Once again, the poet takes eight stanzas to call upon the people on England to understand and do something about their state of oppression. People plow for the sake of the lords, who are like drone bees that do no work but live off of the work of others. The people of England are doing the real work—but, the poet asks, are they gaining any benefit from this system? They are not enjoying the fruits of their labor, and the tyrants are taking their wealth and very lives without giving them the recompense they deserve. The call is to sow their own seed, weave their own robes, and forge their own arms in their own defense. Otherwise, the people are merely digging their own graves.
“Ode to the West Wind” (1819)
A first-person persona addresses the west wind in five stanzas. It is strong and fearsome. In the first stanza, the wind blows the leaves of autumn. In the second stanza, the wind blows the clouds in the sky. In the third stanza, the wind blows across an island and the waves of the sea. In the fourth stanza, the persona imagines being the leaf, cloud, or wave, sharing in the wind’s strength. He desires to be lifted up rather than caught low on “the thorns of life,” for he sees himself as like the wind: “tameless, and swift, and proud.” In the final stanza, he asks the wind to play upon him like a lyre; he wants to share the wind’s fierce spirit. In turn, he would have the power to spread his verse throughout the world, reawakening it.

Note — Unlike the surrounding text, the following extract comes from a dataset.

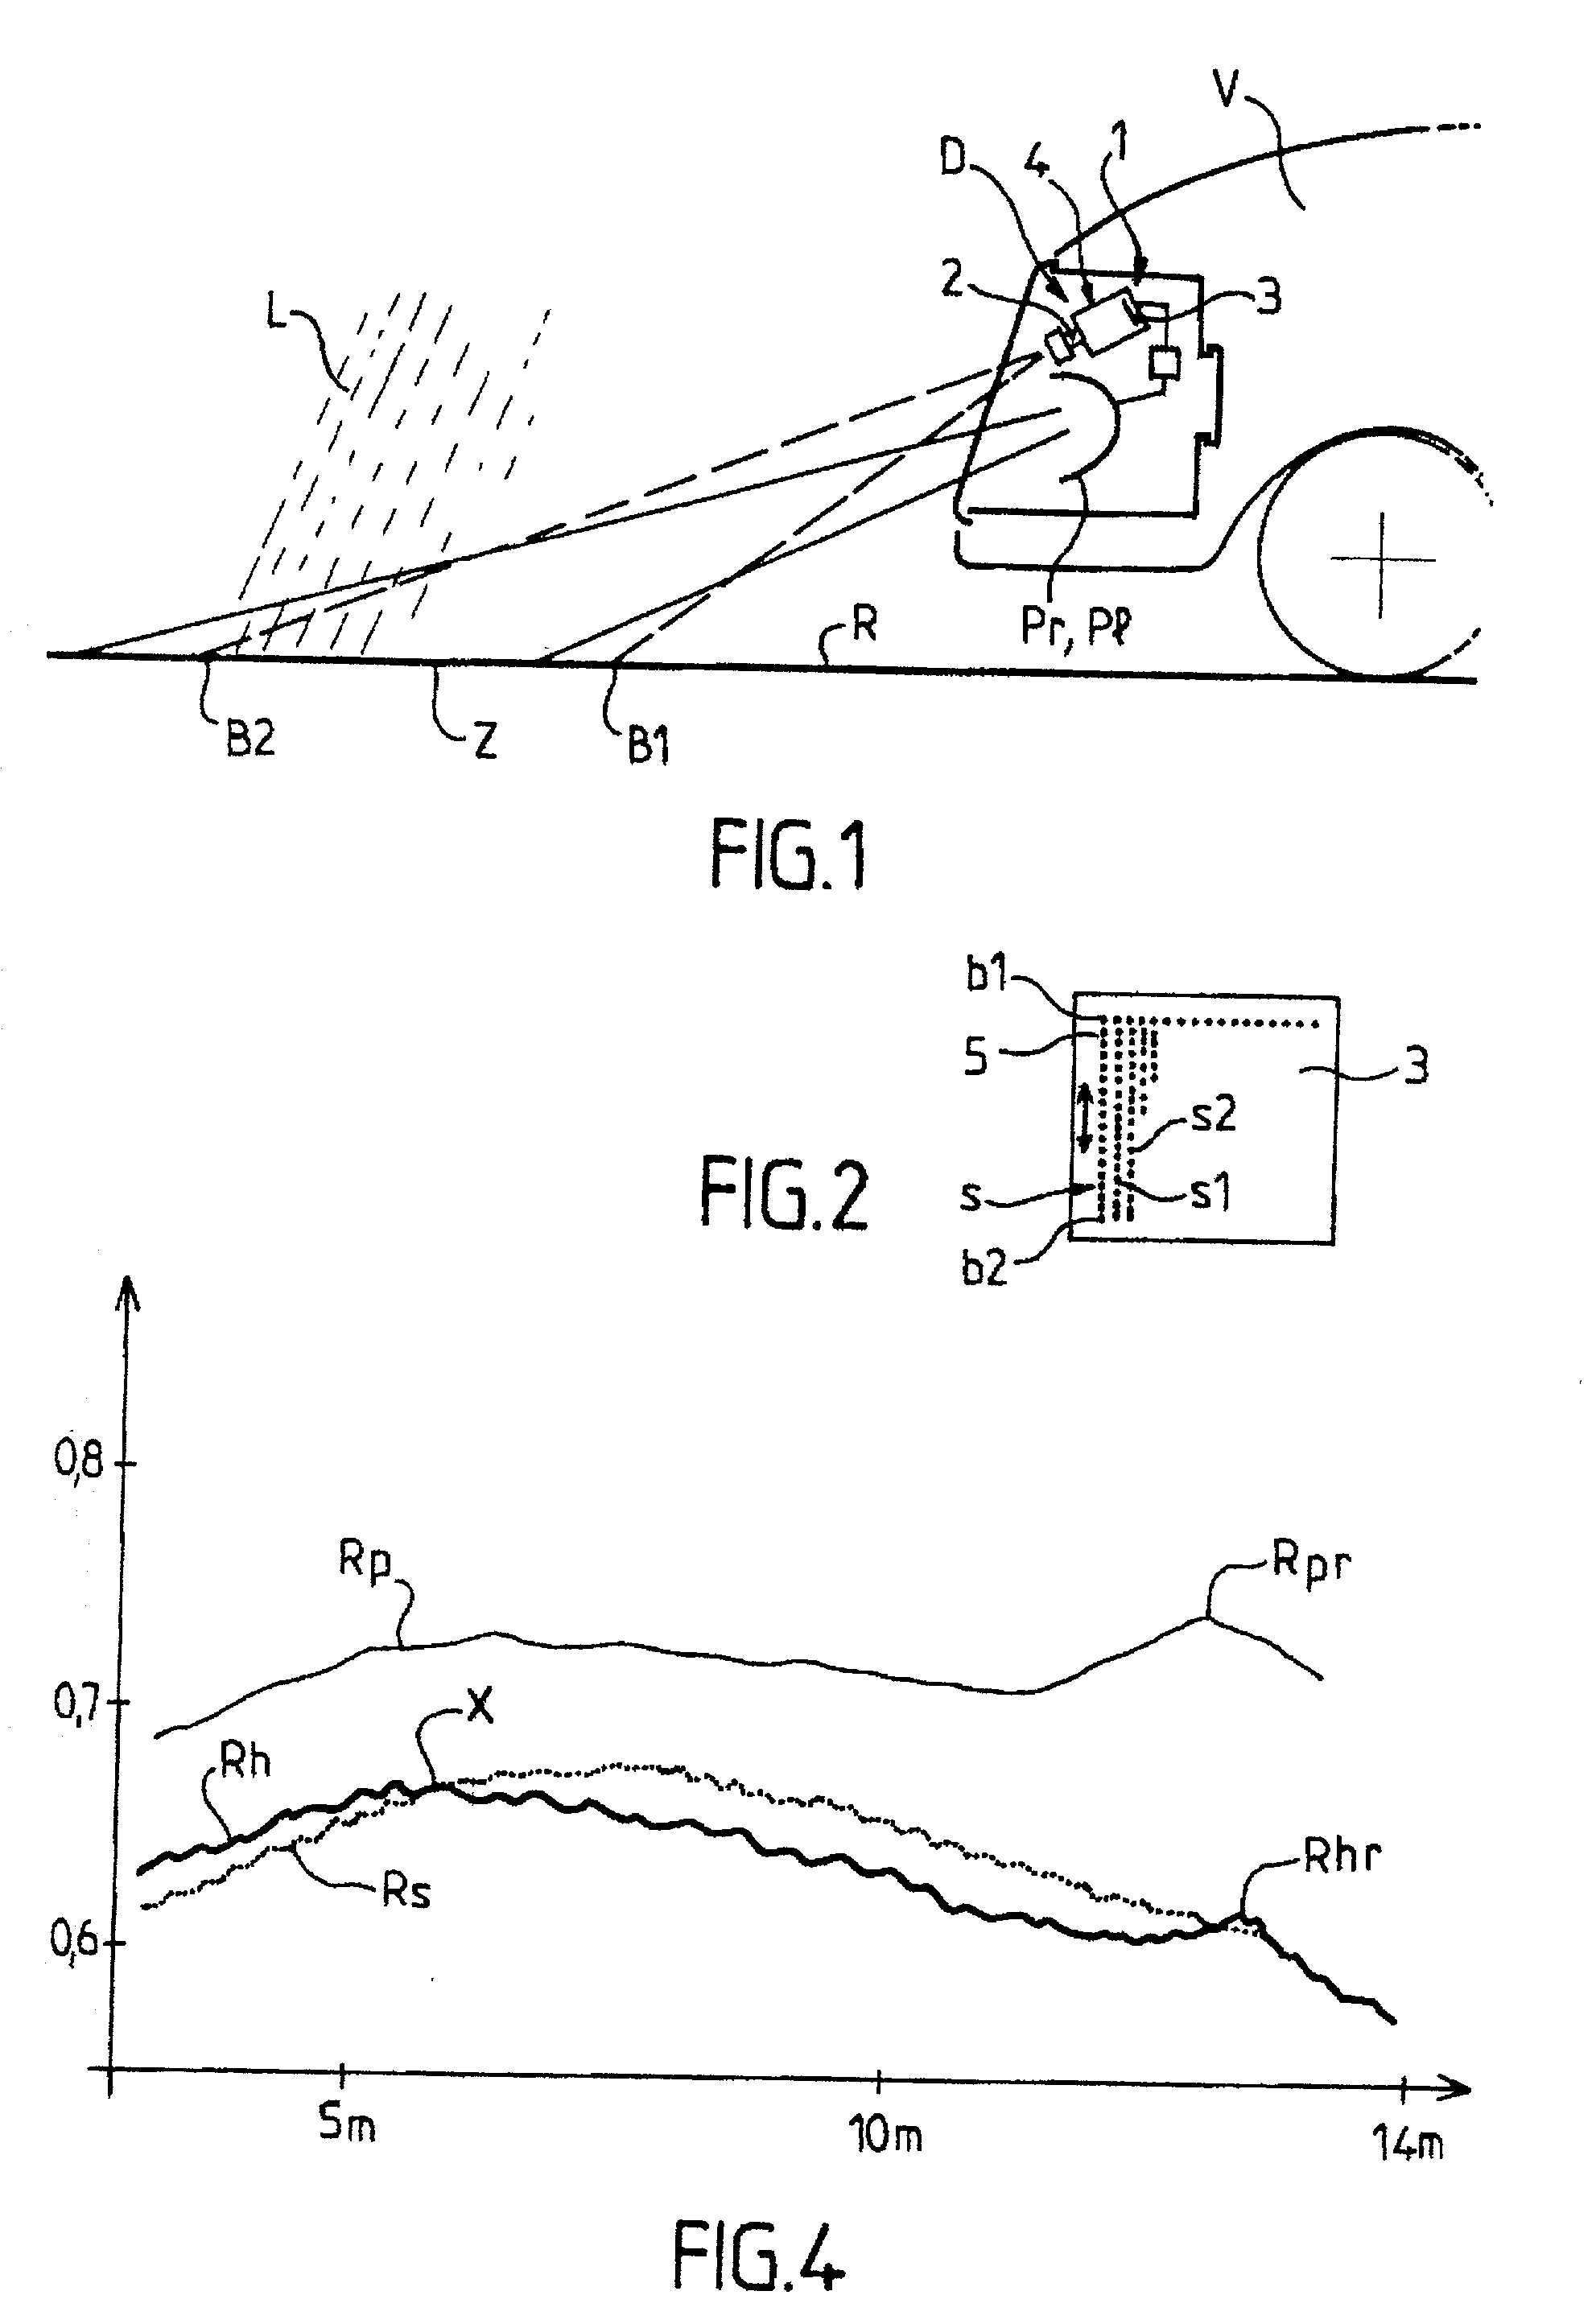 Method and apparatus for detecting the state of humidity on a road on which a vehicle is travelling

“The Indian Serenade” (1819)
In 24 lines, Shelley takes on the poetic form of the extravagant Oriental love poem. The first-person persona has been dreaming of her (or his) beloved. She awakens and follows her feet to her beloved’s window. She feels like a nightingale with a song to sing. She feels herself faint in the grass, calling out for her beloved to pull her up into his embrace.
“To a Skylark” (1820)
The persona extols the virtues of the skylark, a bird that soars and sings high in the air. It flies too high to see, but it can be heard, making it like a spirit, or a maiden in a tower, or a glow-worm hidden in the grass, or the scent of a rose. The skylark’s song is better than the sound of rain and better than human poetry. What is the subject of the bird’s song, so free of the pains of love? Perhaps it sings because it knows that the alternative is death. The bird does not have the same longings and cares that interfere with human happiness. Yet, it is these things that help us appreciate the pure beauty of the birdsong; perhaps the skylark’s song could become the persona’s muse.
“Adonais” (1821)
Shelley wrote this long poem as an elegy for Shelley’s close friend and fellow poet John Keats, who died in Rome of tuberculosis at the age of 26. The mood of the poem begins in dejection, but ends in optimism—hoping Keats’ spark of brilliance reverberates through the generations of future poets and inspires revolutionary change throughout Europe. Adonis is the stand-in for Keats, for he too died at a young age after being mauled by a boar. In Shelley’s version, the “beast” responsible for Keats’s death is the literary critic, specifically one from London’s Quarterly who gave a scathing review of Keats’ poem “Endymion” (Shelley was unaware of the true cause of Keats’s death). Urania (also known as “Venus” or “Aphrodite”), who is Adonis’ lover in the myth, is rewritten here as the young man’s mother (possibly because Keats had no lover at the time of his death). In a sense, Keats is not dead, for like other great poets, he lives within those who benefited from his life and poetry, and he is alive because he is “one with Nature.” He is even Christlike, a divinity among the best of poets. Even so, he died too soon. In death, he beacons the living to join him in eternity.
“A Dirge” (1822)
Themes of isolation, loneliness, and death characterize this eight-line poem. The wind moans in grief beyond words; the storm rains in vain; the trees are bare and straining under their own weight. The world is all caves and gloom, all wrong!